I think this is good to get people initially on board, but I worry that people will start to falsely think that tasks unrelated to writing code are safe.

Honest question: what’s the easiest x-risk scenario that doesn’t involve generating code at some point? I’m struggling to think of any that aren’t pretty convoluted.

(I agree with the point, but think it’s easier to make once our foot is in the door.)

IMO the point of no return will be passed before recursive self improvement probably. All we need is a sufficiently charismatic chatbot to start getting strategic about what it says to people.

I don’t especially disagree that it’s most likely the AI to end the world will be one that writes code? But if you keep throwing optimization power into a reasonably general AI that has no direct code experience it’ll still end the world eventually.

If the AI isn’t a code-writing one I don’t have any particular next guess.
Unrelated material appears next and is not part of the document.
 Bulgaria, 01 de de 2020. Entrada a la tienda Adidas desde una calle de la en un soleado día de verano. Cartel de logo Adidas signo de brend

Somewhere in the late-2021 MIRI conversations Eliezer opines that non-recursively-self-improving AI are definitely dangerous. I can search for it if anyone is interested.

Yes please!

From Discussion with Eliezer Yudkowsky on AGI interventions:

Compared to the position I was arguing in the Foom Debate with Robin, reality has proved way to the further Eliezer side of Eliezer along the Eliezer-Robin spectrum. It’s been very unpleasantly surprising to me how little architectural complexity is required to start producing generalizing systems, and how fast those systems scale using More Compute. The flip side of this is that I can imagine a system being scaled up to interesting human+ levels, without “recursive self-improvement” or other of the old tricks that I thought would be necessary, and argued to Robin would make fast capability gain possible. You could have fast capability gain well before anything like a FOOM started. Which in turn makes it more plausible to me that we could hang out at interesting not-superintelligent levels of AGI capability for a while before a FOOM started. It’s not clear that this helps anything, but it does seem more plausible.

From Ngo and Yudkowsky on alignment difficulty:

It later turned out that capabilities started scaling a whole lot without self-improvement, which is an example of the kind of weird surprise the Future throws at you . . .
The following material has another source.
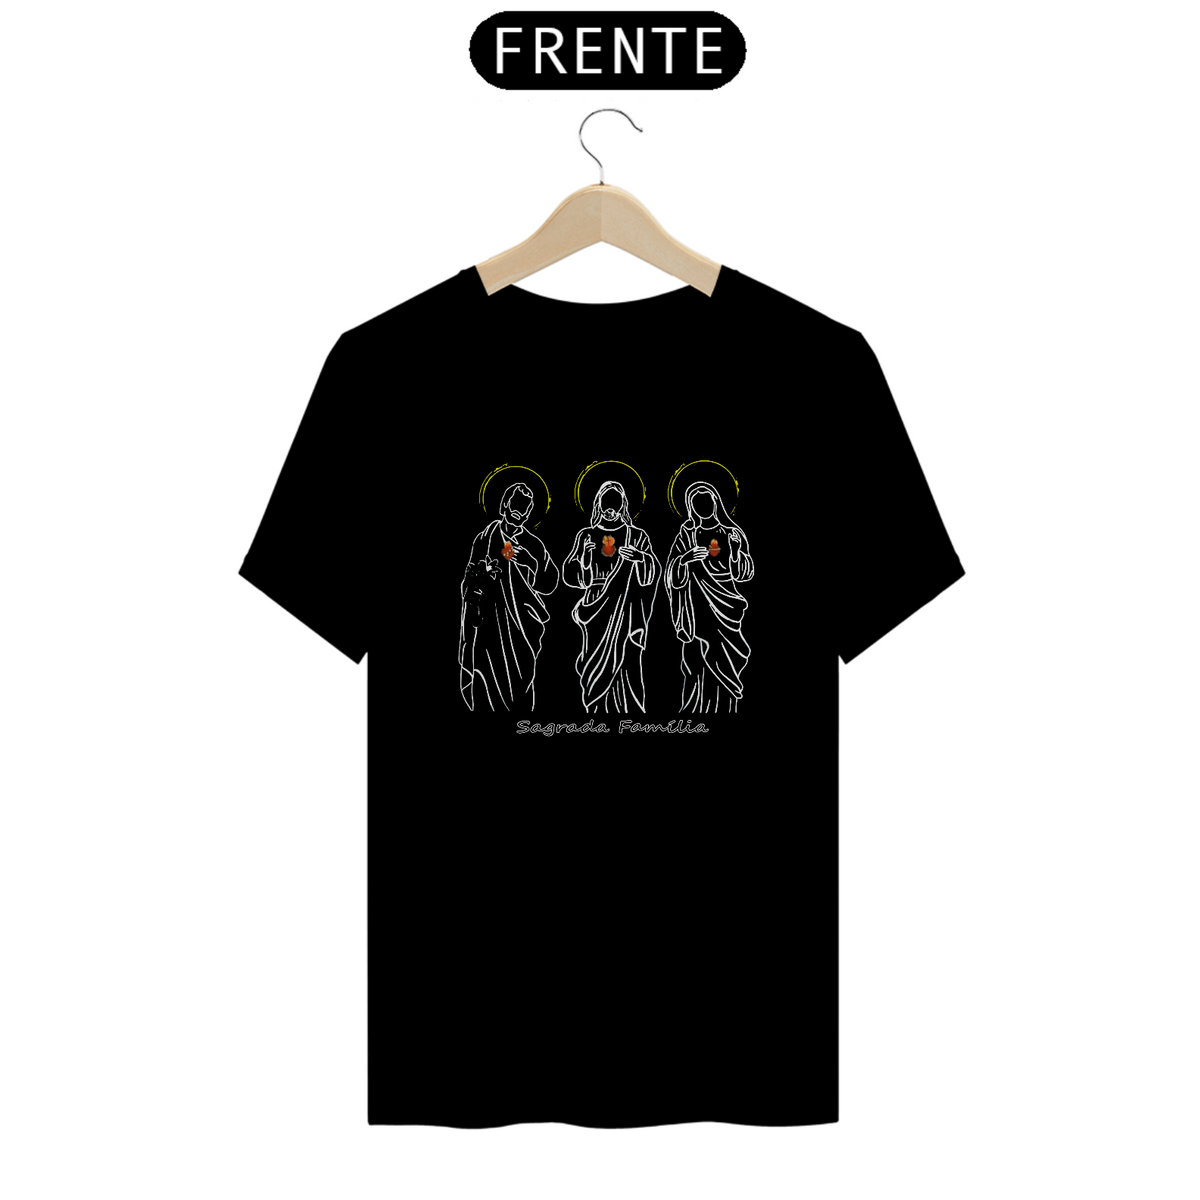 Nome do produto: Camiseta Sagrada Família

And yeah I realize now that my summary of what Eliezer wrote is not particularly close to what he actually wrote.

Depends what you mean by generate code. Can it have a prebaked function that copies itself (like computer viruses)? Does it count if it generates programs to attack other systems? If it changes its own source code? Its code stored in memory? You could argue that changing anything in memory is in a certain sense generating code.

If it can't generate code, it'll be a 1 shot type of thing. Which means that it must be preprogrammed with the tools to do its job. I can't come up with any way for it to take control, but it doesn't seem that hard to come up with some doomsday machine scenarios. E.g. smashing a comet into earth, or making a virus that sterilizes everyone. Or a Shiri’s Scissor could do the trick. The idea being to make something that doesn't have to learn or improve itself too much.

I was thinking of "something that can understand and write code at the level of a 10x SWE". I'm further assuming that human designers didn't give it functions to copy itself or other dumb things.

As an optimist/skeptic of the alignment problem, I can confirm that code generation is much more persuasive to me than other AI risk hypotheticals. I'm still not convinced that an early AGI would be powerful enough to hack the internet, or that hacking the internet could lead to x-risk (there's still a lot that is not computerized and civilization is very resilient), but at least code generation is at the intersection of "it's plausible that an early AGI would have super human coding capacity" and "hacking the internet is a plausible thing to do" (unlike nanotech or an extinction-causing super-plague).